The local AI-agent backend
A coding agent or RAG app needs the same handful of local services: a document
store, vectors, a cache, a durable job queue, and a scheduler. monlite is all of
them in one .db file — no Docker, no Redis, no Qdrant.
| Need | monlite |
|---|---|
| Documents / state | @monlite/core |
| Semantic memory / RAG | @monlite/vector |
| Keyword search | @monlite/fts |
| Cache & locks | @monlite/kv |
| Durable jobs | @monlite/queue |
| Scheduling | @monlite/cron |
A durable jobs tier
The pattern behind agent task execution: a worker claims a job exactly once (across processes) with compare-and-swap, runs a step, and records progress.

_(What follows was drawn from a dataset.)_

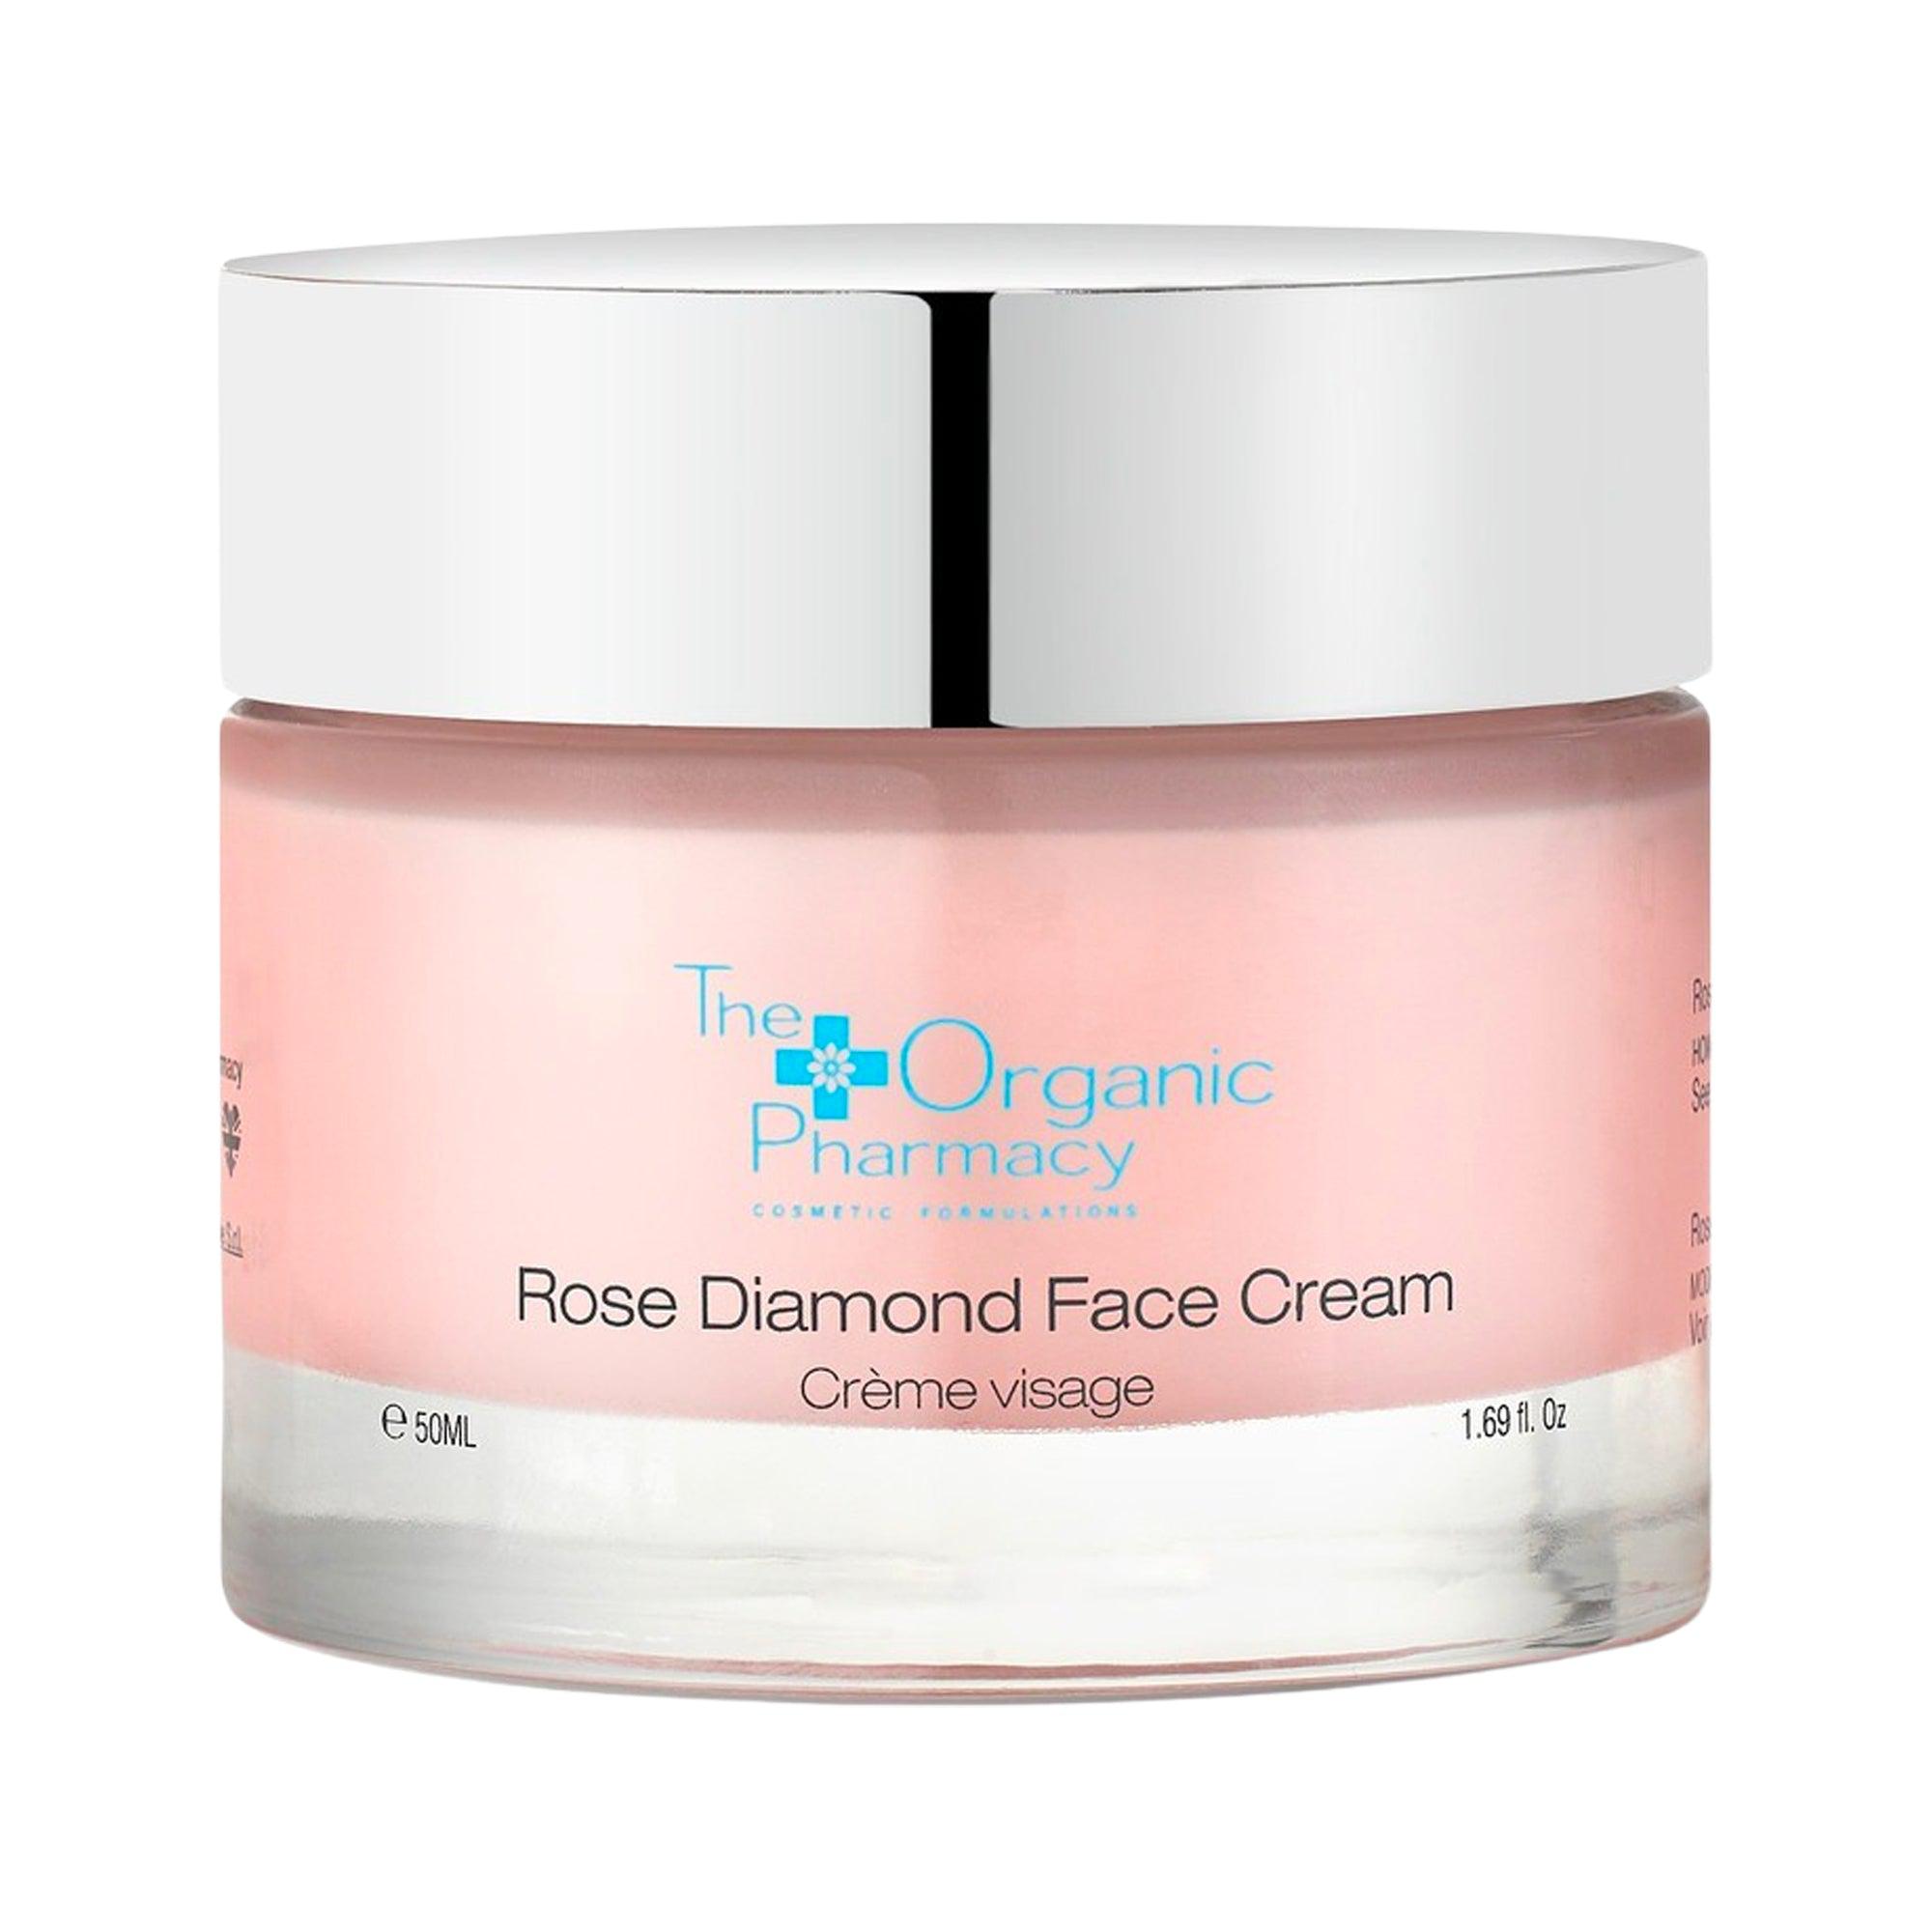 Crème visage – Rose diamond face cream Face cream – Rose diamond face cream - The Organic Pharmacy

// Claim — cross-process safe; a racing worker gets null, not an error
const job = await jobs.findOneAndUpdate({
where: { _id: id, status: "pending", version: v },
data: { $set: { status: "active" }, $inc: { version: 1 } },
returnDocument: "after",
});
Pair it with @monlite/queue for the work queue,
@monlite/kv setNX for single-flight locks/nonces, and
compound-unique indexes for idempotency — a durable job/mission/approval engine
on a single file, no Mongo or Redis.
RAG in one file
const store = createVectorStore(db); // @monlite/vector
store.ensureCollection("kb", { dimensions: 384, indexedFields: ["docId"] });
store.upsert("kb", chunks.map((c) => ({ id: c.id, vector: c.embedding, metadata: c.meta })));
store.search("kb", { vector: q, topK: 5, where: { tenantId } }); // scoped, exact
Scoped retrieval (where) is applied inside the KNN, so per-tenant /
per-document queries stay exact even over a large corpus. Add
@monlite/fts for hybrid keyword+semantic search.
Cross-language pipelines
Because everything is one SQLite file, a Python worker and a Node agent can share it — Python ingests and embeds, Node serves; both hit the same cache and queue. See Python / interop.